Returning to Arkansas, Smith entered the family nursery and garden-design business before founding P. Allen Smith & Associates, a Little Rock, AR landscape and garden design-construction firm. His design philosophy, rooted in the classical English tradition of Palladio, Brown, and Repton has made him one of the most sought-after landscape designers in the country.

Smith has also built his national media profile as host and producer of P. Allen Smith's Garden Home, distributed by American Public Television and among PBS's most successful and longest-running lifestyle programs, along with P. Allen Smith's Garden to Table and the syndicated Garden Style. He was a recurring garden and design contributor on NBC's Today Show and Good Morning America, his work has been frequently published in addition to his television work.

The centerpiece of Smith's public profile is Moss Mountain Farm, his 550-acre estate on the Arkansas River near Little Rock, cited as a contemporary example of the Ferme Ornée tradition. The property functions as both a working design laboratory and destination. In 2020, Smith expanded his enterprise into green manufacturing with the acquisition of Extreme Panel Technologies, a structurally insulated panel (SIP) company, extending his design influence into sustainable, energy-efficient construction.

Smith's institutional affiliations reflect standing at the top tier of American horticulture and preservation. He is a Trustee of Winterthur, a former Board Member of the Royal Oak Foundation (the U.S. partner of Britain's National Trust), a Certified Fellow of the Royal Horticultural Society, and an Honorary Member of the Garden Club of America, which awarded him its Medal of Honor in 2006. He also serves as Honorary President of the Herb Society of America and is a life member of the Livestock Conservancy, the Rare Breeds Trust (UK), and the Society for the Preservation of Poultry Antiquities.

In 2009, Smith founded the Heritage Poultry Conservancy, an organization dedicated to preserving threatened breeds of domestic poultry, reflecting a broader conservation commitment that runs alongside his design work — including supporting preservation programs at Monticello and Mount Vernon. He is also a TEDx speaker and a frequent presenter at many of the country's most prominent historic homes and garden institutions.

==Television==
Smith began appearing on television in 1989, hosting a weekly gardening segment on Little Rock station KATV's Daybreak program. In 2000, he launched his first nationally syndicated program, P. Allen Smith's Gardens, largely filmed at his historic home in Little Rock's Quapaw Quarter. That program evolved into P. Allen Smith's Garden Style, a 30-minute show internationally distributed by The Television Syndication Company.
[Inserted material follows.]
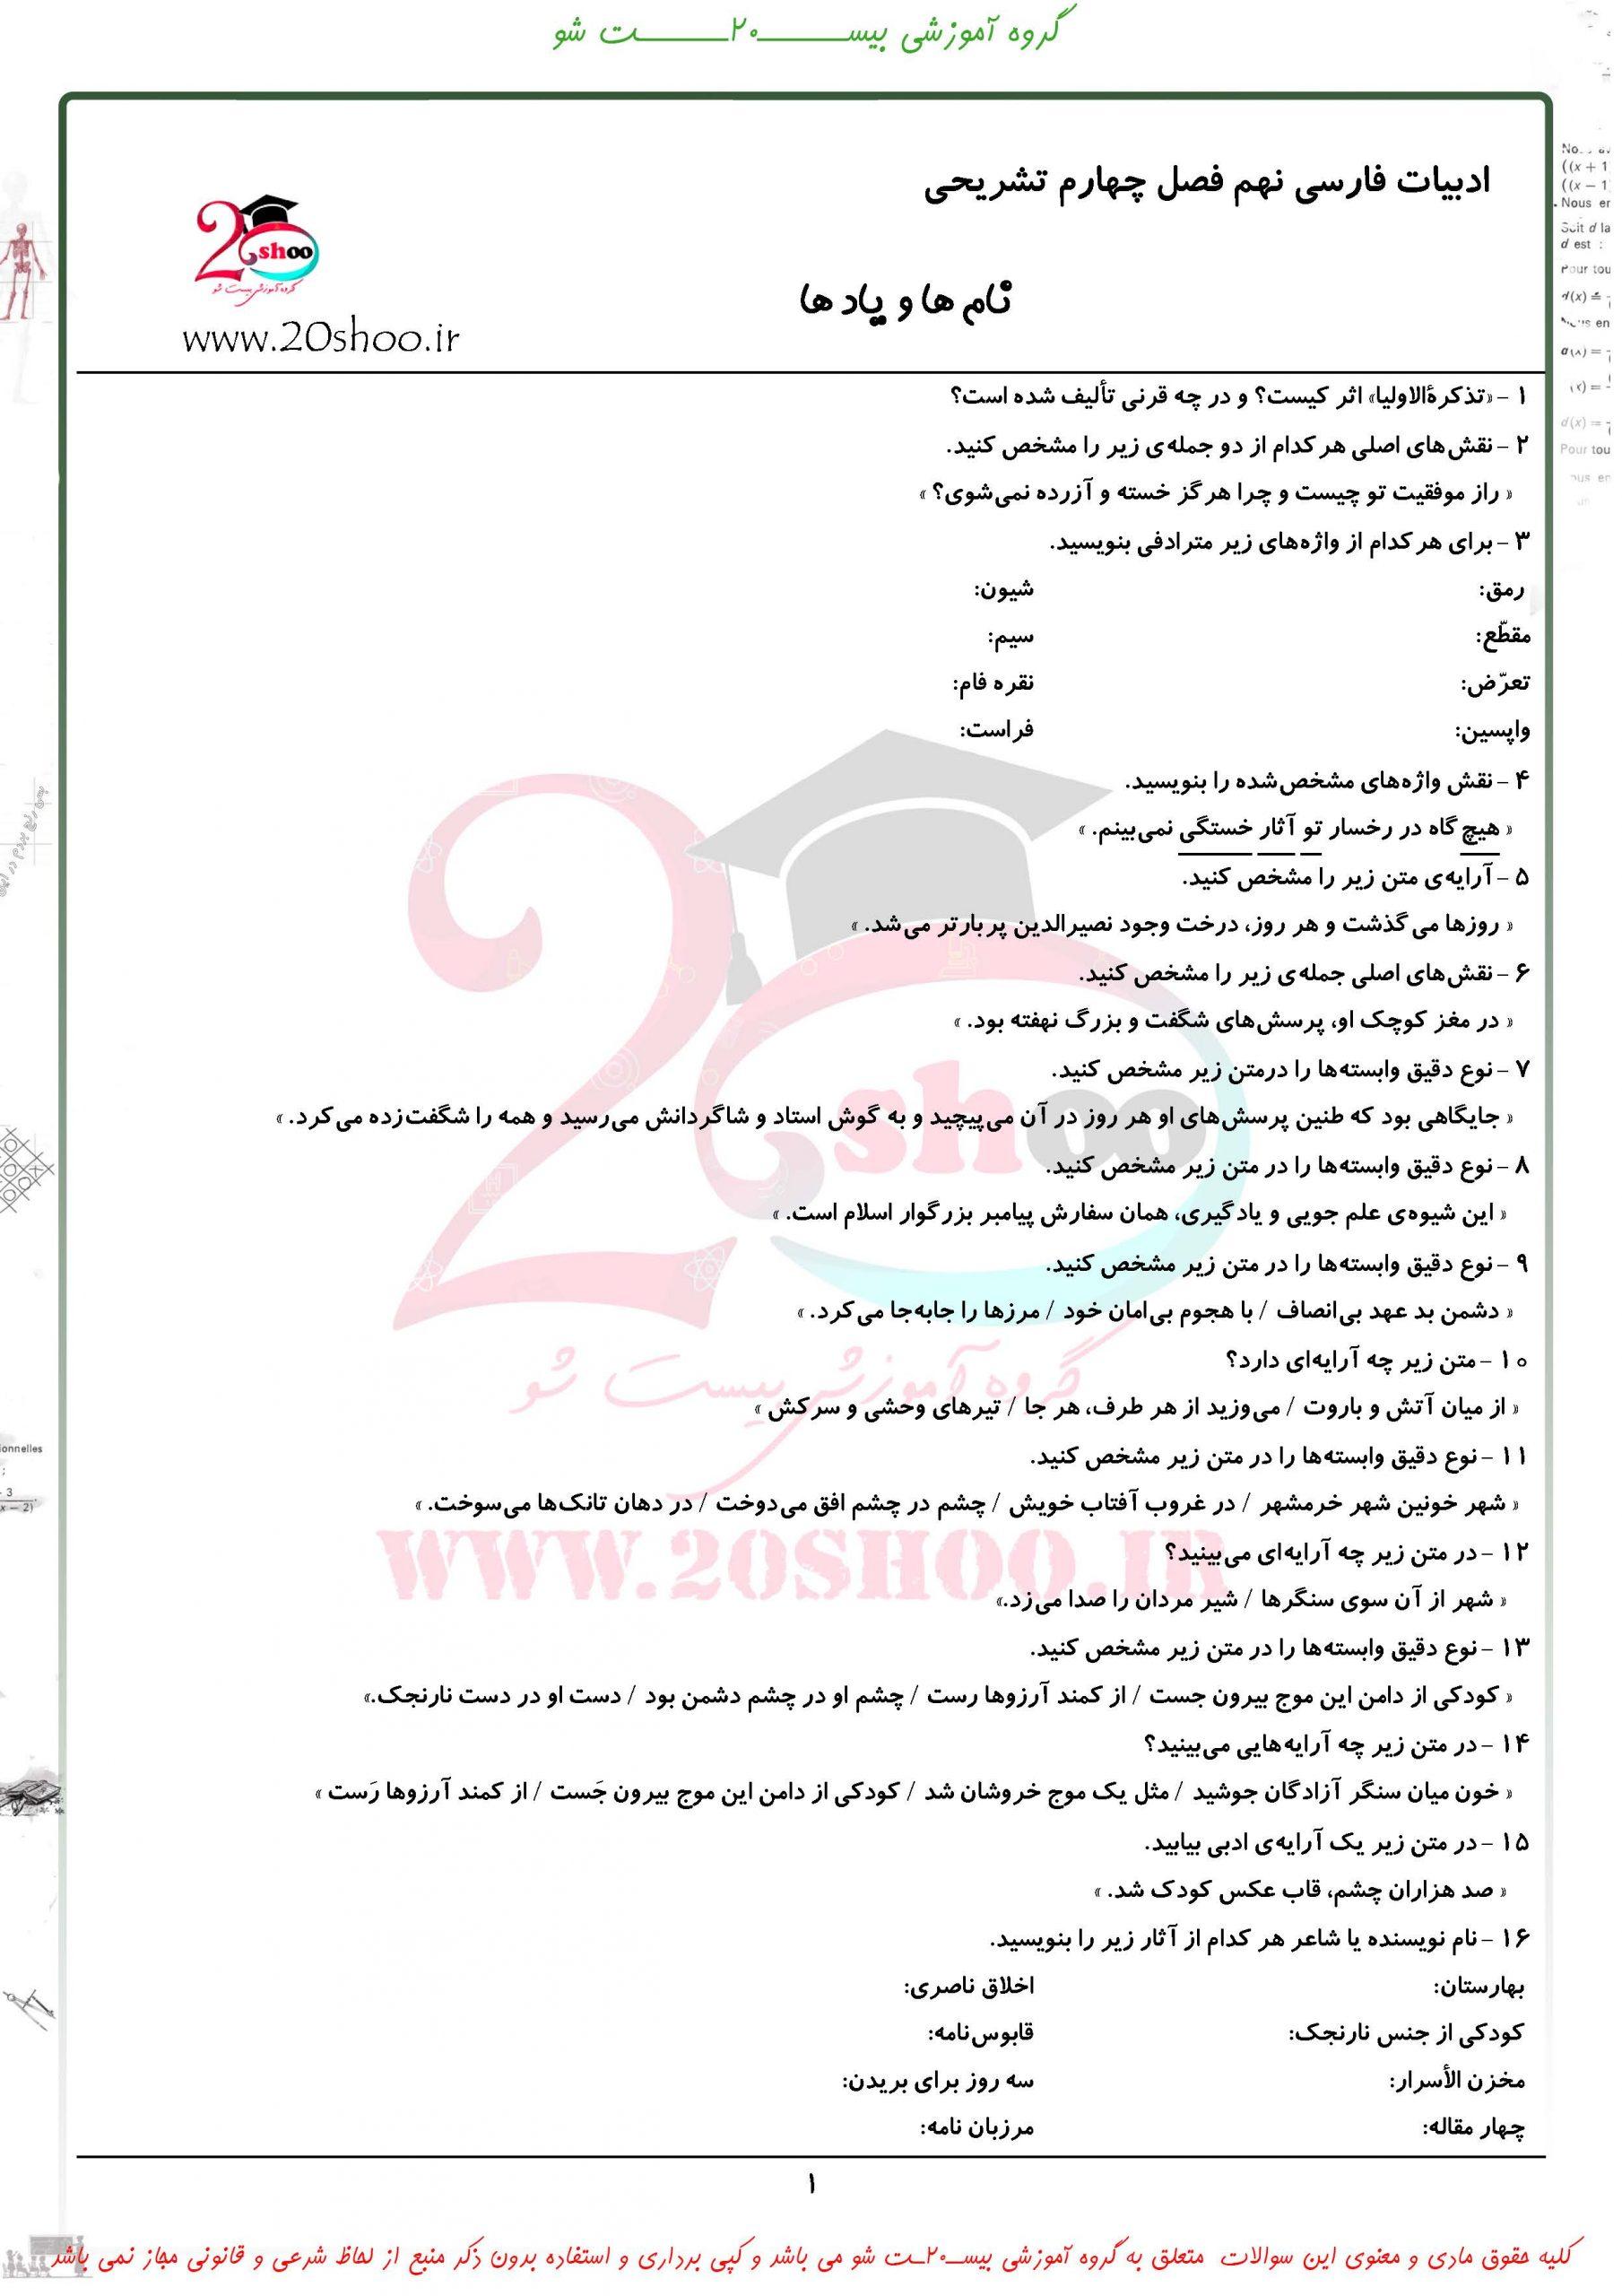 سوالات تشریحی ادبیات فارسی نهم فصل چهارم

Smith's P. Allen Smith's Garden Home series on garden design and outdoor living shares lifestyle trends and stories of people who are making a positive impact in their communities. Some episodes are filmed at Smith's Arkansas Home, Moss Mountain Farm, near Little Rock, Arkansas.
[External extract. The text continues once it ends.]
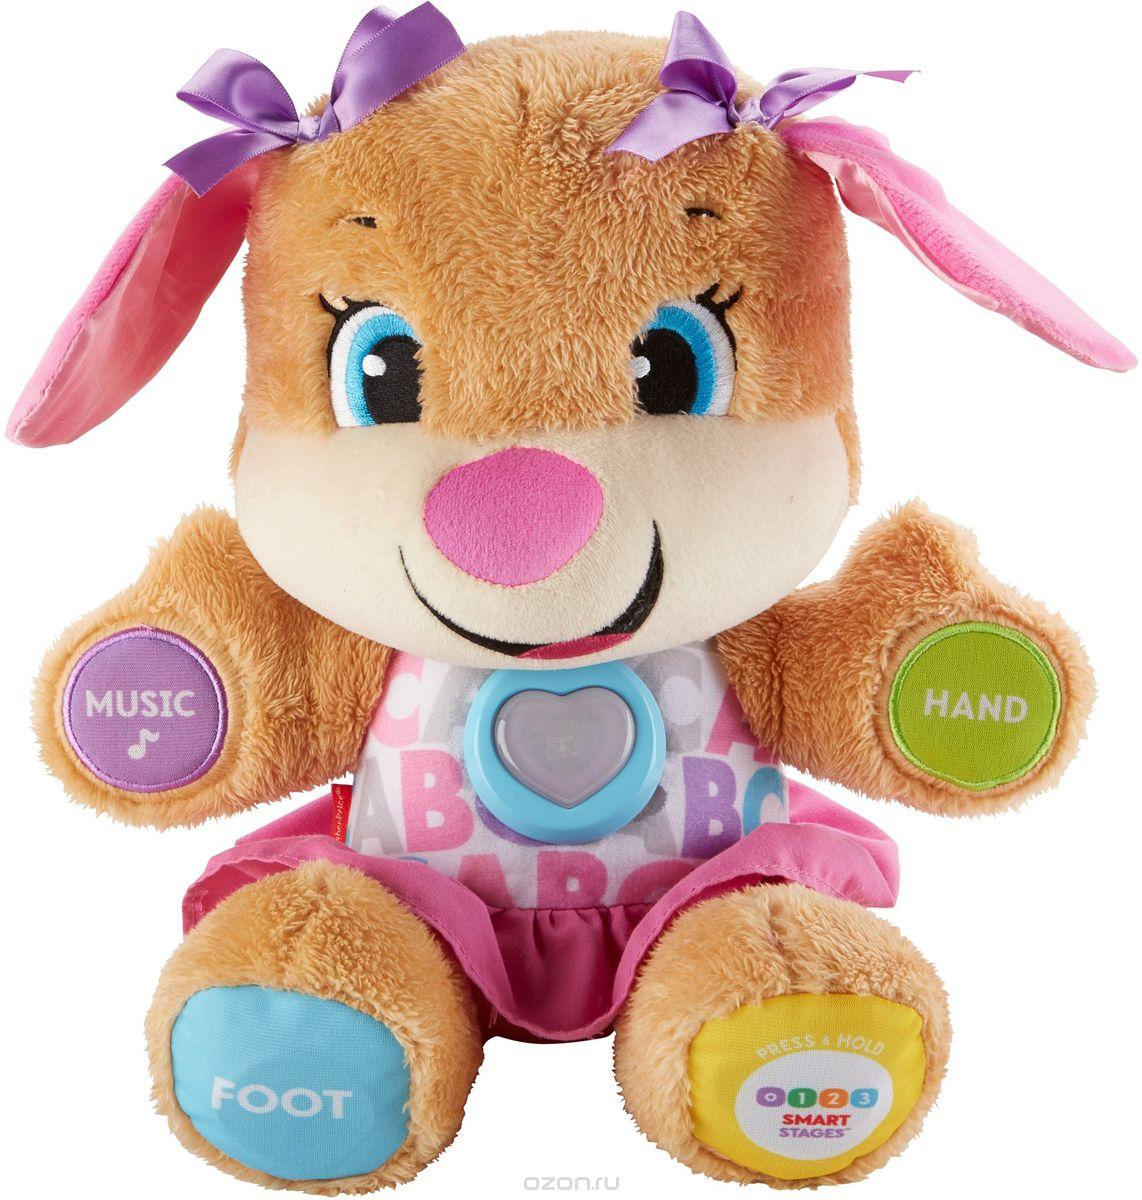 Топ 20 игрушек для девочек к новому году 2019: чем удивить ребенка?

P. Allen Smith's Garden to Table, pairs seasonal growing with cooking. Smith's fourth program, P. Allen Smith's A Sense of Place, is scheduled to begin airing on public television stations in October 2026. Filmed at Smith's Moss Mountain Farm in Arkansas, the series covers regional gardening traditions, seasonal planting, heirloom vegetable varieties, pollinators, and seed saving.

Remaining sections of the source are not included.